Results and Discussion
4 minutes • 646 words
Table of contents
Results
A Substantial Subset of Accessory Genes in E. coli Can Be Predicted Accurately.
The Random Forest approach is stochastic, so we repeated the analysis 100 times, each time splitting the data into training and test sets differently.
Out of the 12,840 accessory genes with unique PAPs analysed, 5,020 were never classified as predictable, 939 were always classified as predictable, 4,395 were classified as predictable in only some analyses (SI Appendix, Fig. S6), and the remaining 2,486 had a D score < 0.
The pangenome as an Ecosystem.
We investigated 3 signature relationships within the E. coli pangenome:
- Putative mutualisms
Here, the joint presence of a pair of genes in genomes is significantly higher than expected from their overall frequency in the dataset.

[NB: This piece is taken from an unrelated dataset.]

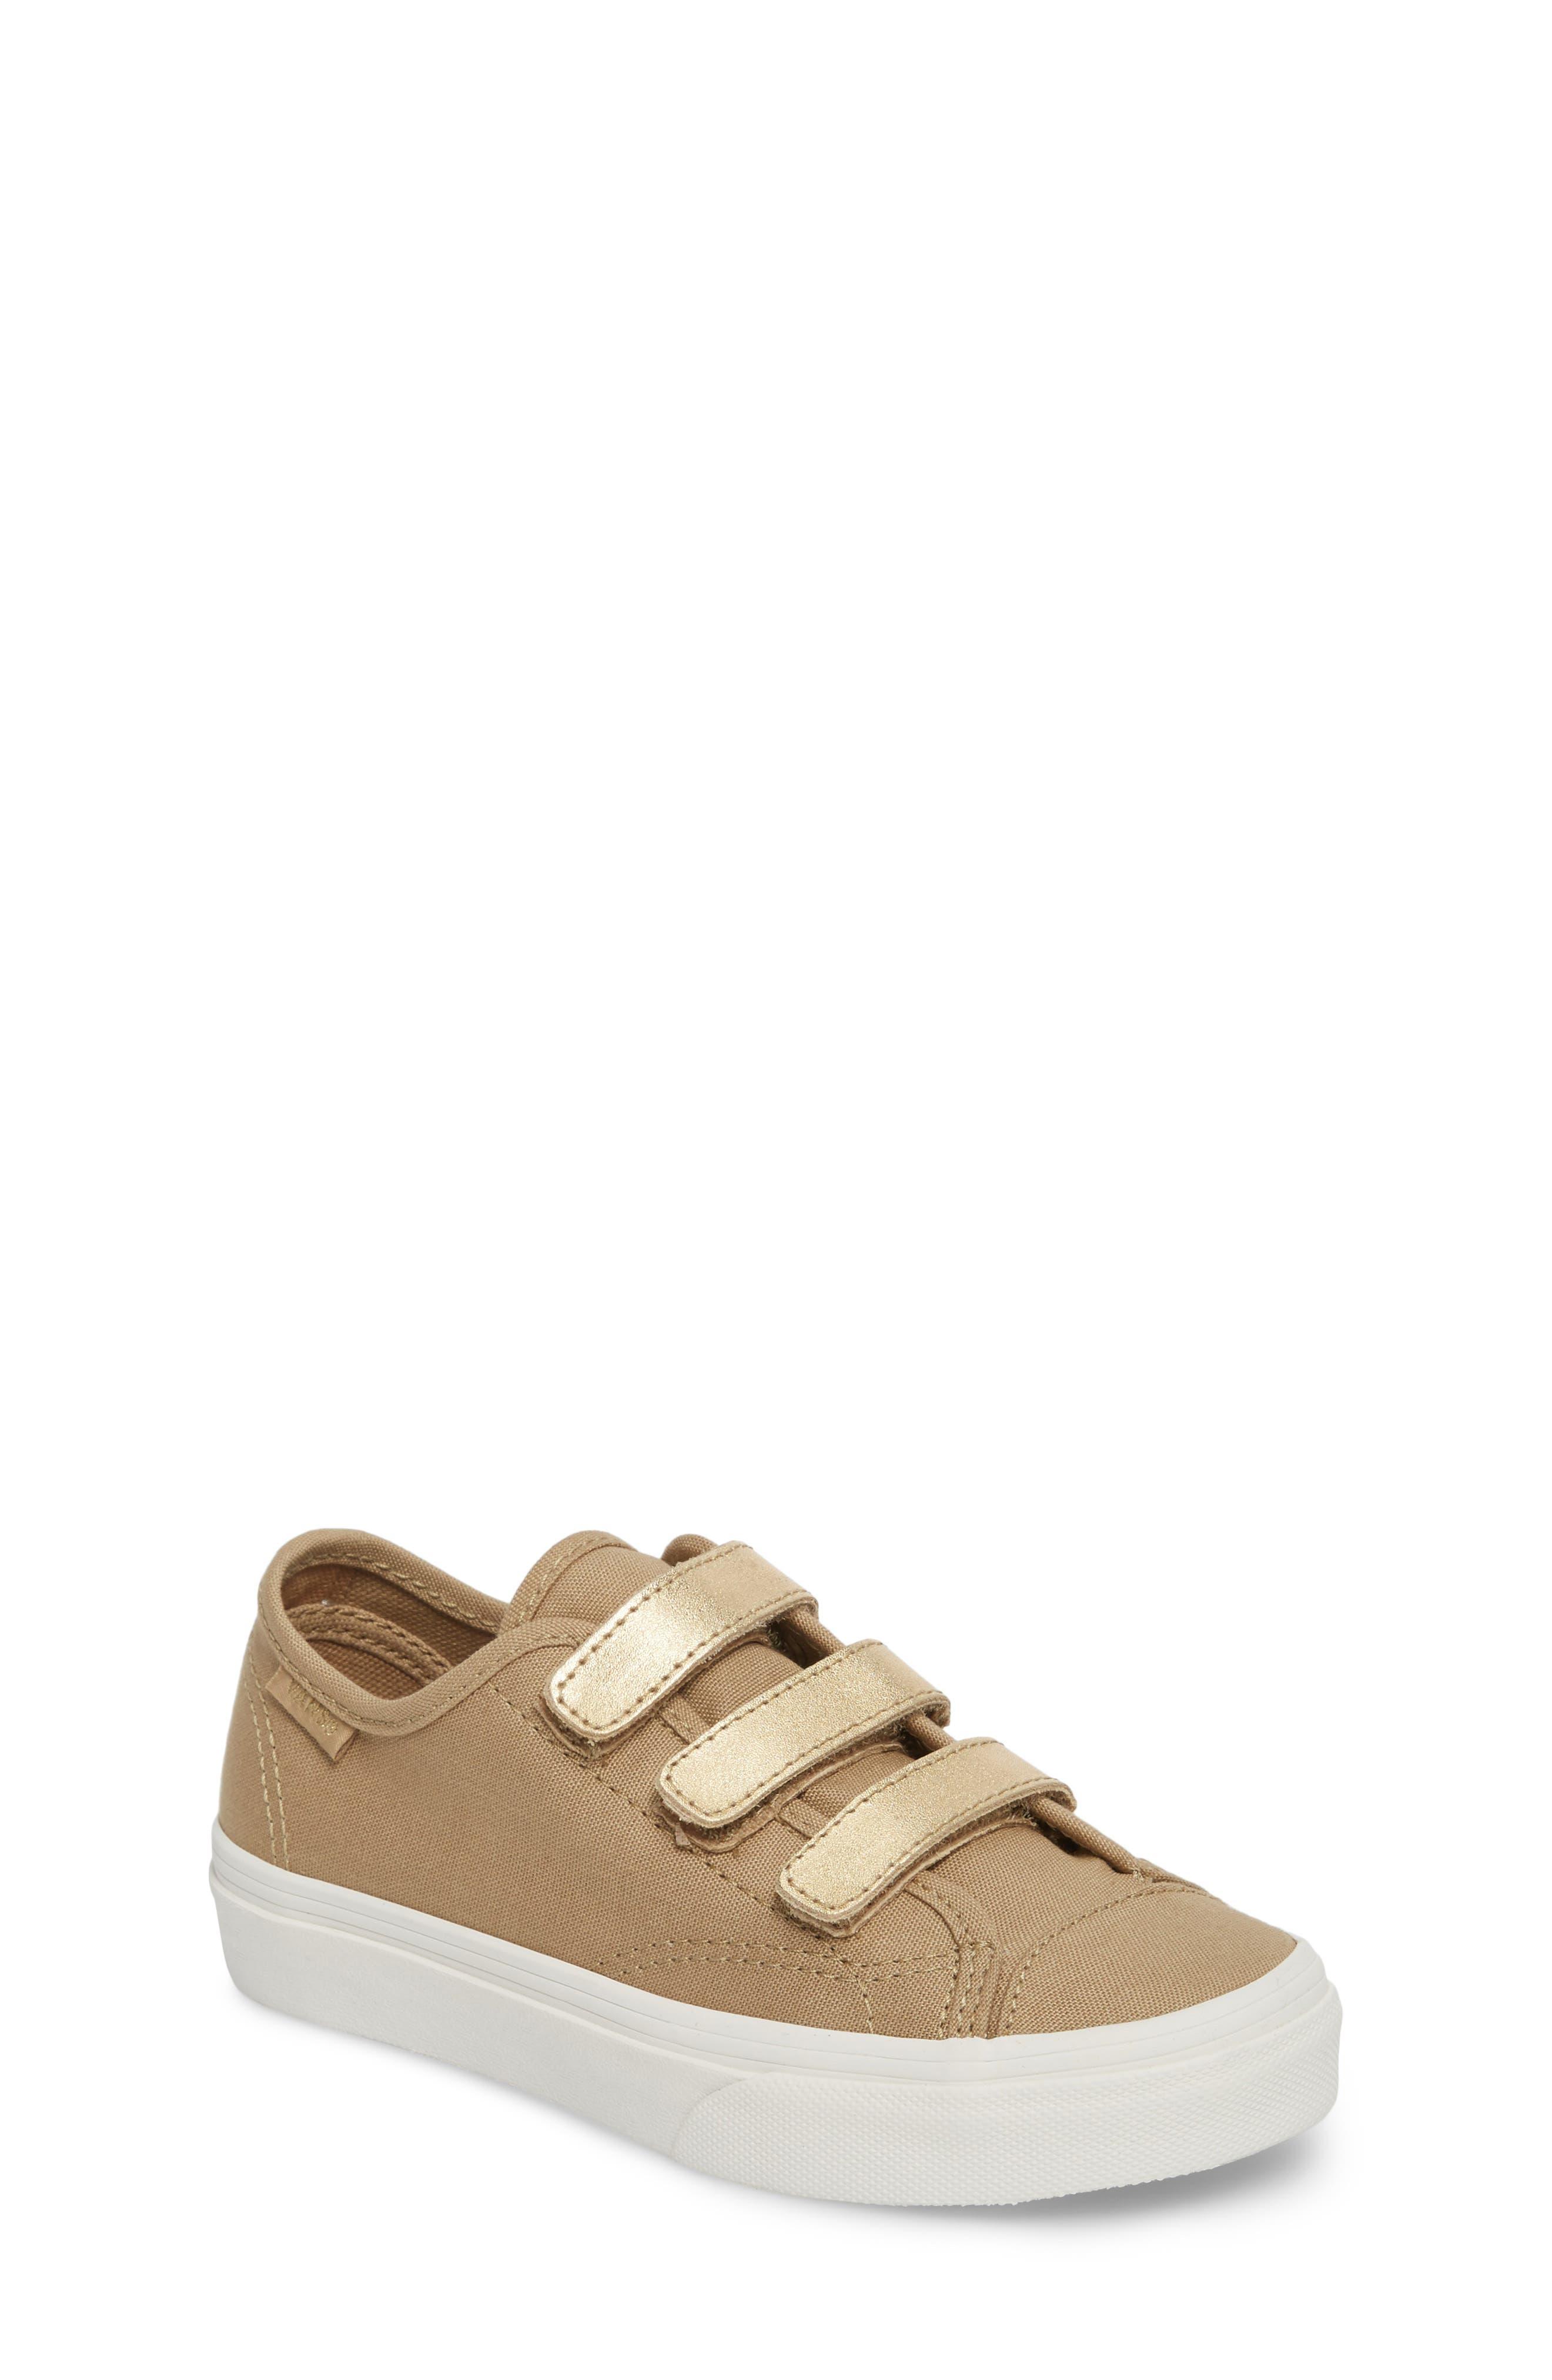 Style 23V Sneaker,                         Main,                         color, Metallic/ Cornstalk

By far, putative mutualistic coincident relationship is the most frequent.
- Commensalisms
There were 2,073 instances of commensal relationships out of 33,138.
In these relationships:
- one gene, the less abundant of the pair, generally depends on the other.
- the reverse dependency is much weaker or nonexistent.
- Competition
This is the smallest. This is where one gene makes a genome much less hospitable to another.
20 connected components in our graph consist of genes that show both competition and coincident relationships where two coincident gene sets have a reduced probability of being in the same genome at the same time (Fig. 2).
In Fig. 2, we outline a set of PAPs that represent one or more gene families, that predict the presence or absence of at least one other gene family. In the cases outlined, none are plasmid borne.
In addition to being good examples of putative mutualism, commensalism, and competition, the genes that manifest these PAPs are also of translational importance.
For example, PAP E is the “pac” gene.
During a cell’s response to penicillin, the Pac protein catalyses the hydrolysis of penicillin, forming six-aminopenicillanate, which is also important in the manufacture of synthetic penicillins (60, 61).
The presence or absence of the encoding gene is predicted accurately in E. coli genomes using our Random Forest approach.
Using parsimony reconstruction, we estimate that there have been at least 72 changes from present to absent or absent to present for this gene family across the phylogeny.
We also outline the predictive relationships between four other PAPs (Fig. 2 J–M).
This pattern suggests that the relationships between these genes have evolved independently multiple times throughout evolutionary history.
Discussion
A mechanistic explanation for prokaryotic pangenome origin and evolution is emerging (64, 65).
Is gene content evolution predictable? Is within-species evolution constrained by intragenomic forces?
This leaves much of the accessory genome as nonpredictable.
But we have only used a single species pangenome. Will the inclusion of additional species and datasets give additional predictive power?
The pattern of repetition and predictability that we observe across more than 2,044 gene families is compatible with a model of deterministic evolution and more difficult to reconcile with an evolutionary process dominated by contingent events.
Ecosystems are dynamic and resilient and resistant to overall change (75).
This was shown by the E. coli pangenome.
We see a very dynamic system of gene gains and losses; we see repetitive gains of the same cohorts of genes, and we see the establishment of sets of relationships that are persistent through time and across the phylogeny.
Due to the diversity of the E. coli pangenome, each time a gene is recruited to a new genome, it finds itself in a different, and sometimes substantially different, genetic background.
Nonetheless, we observe repeated, predictable patterns of evolution following a gene’s transfer.
It is likely that rewinding the tape back to the start of E. coli evolution would still result in predictable events that are not contingent on those highly unlikely events unique to each replaying of the tape.
It is doubtful that the exact same evolutionary trajectories would play out, but several motifs would emerge over time.